Whisper Pidgin v1

LoRA adapter on openai/whisper-large-v3-turbo fine-tuned for Nigerian Pidgin English (Naija, pcm) automatic speech recognition.

Trained on ~8.6 hours of curated Pidgin audio with a single LoRA fine-tune on a free Kaggle T4 GPU. Achieves 21.37% WER / 9.90% CER on the held-out test set — an 8.2 pp absolute (28% relative) improvement over the strongest published Pidgin ASR baseline on the same data.

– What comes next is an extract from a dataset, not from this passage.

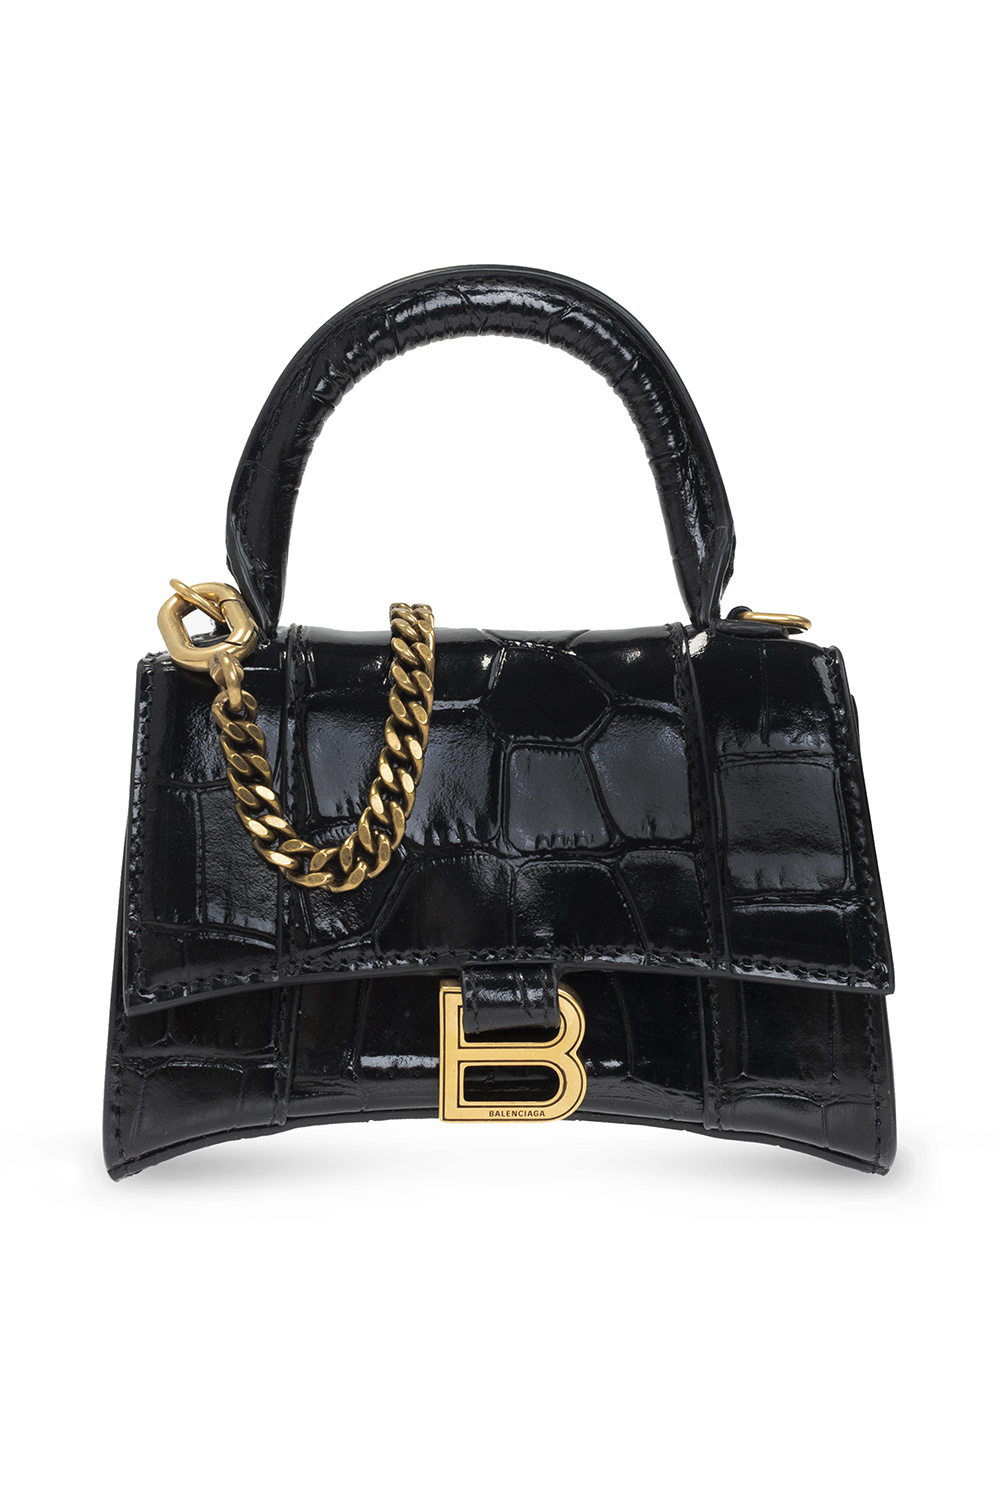 Balenciaga Hourglass Mini Leather Crossbody Bag in Black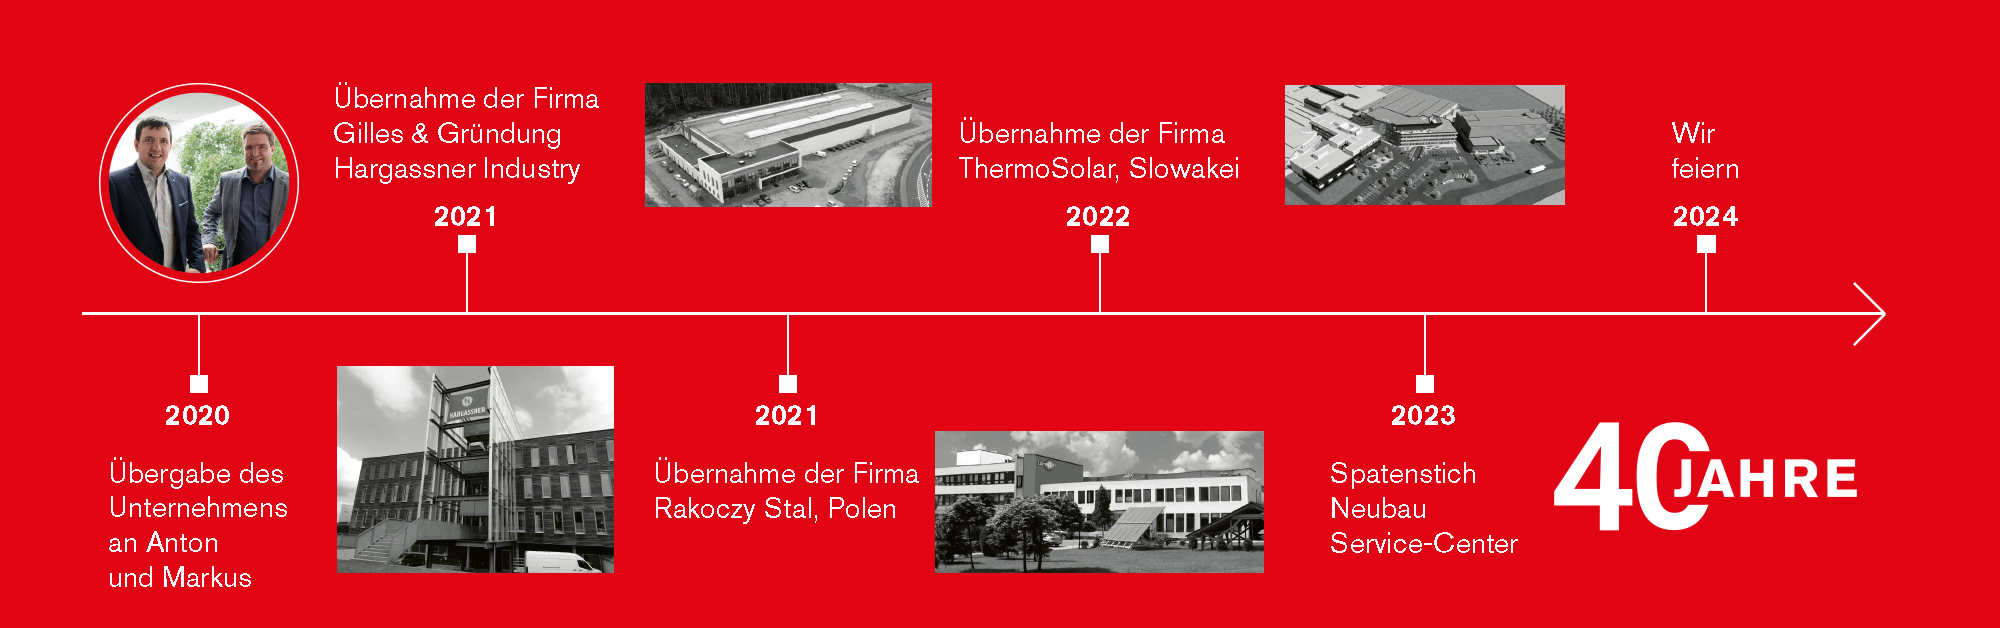 Hargassner Geschichte Timeline 2020 bis 2024 | Hargassner

The adapter is 26 MB; combined with the 809M-parameter base model it runs in real-time on a laptop CPU via faster-whisper.

🎤 Try it: HF Space demo
💻 Source + reproduce: https://github.com/michaelodafe/Naija-Pidgin-Whisper
📦 Dataset used: michaelodafe/pidgin-asr-combined
📖 Full design notes: documentation.md in the source repo

Results

Model	Test WER	Test CER
Whisper Pidgin v1 (this model)	21.37%	9.90%
Wav2Vec2-XLSR-53 (published baseline on same test set)	29.6%	—

Test split: 893 clips, ~1.78 hours, from asr-nigerian-pidgin/nigerian-pidgin-1.0.

How to use

Quick start — `transformers` + `peft`

import torch
from peft import PeftModel
from transformers import WhisperForConditionalGeneration, WhisperProcessor

BASE = "openai/whisper-large-v3-turbo"
ADAPTER = "michaelodafe/whisper-pidgin-v1"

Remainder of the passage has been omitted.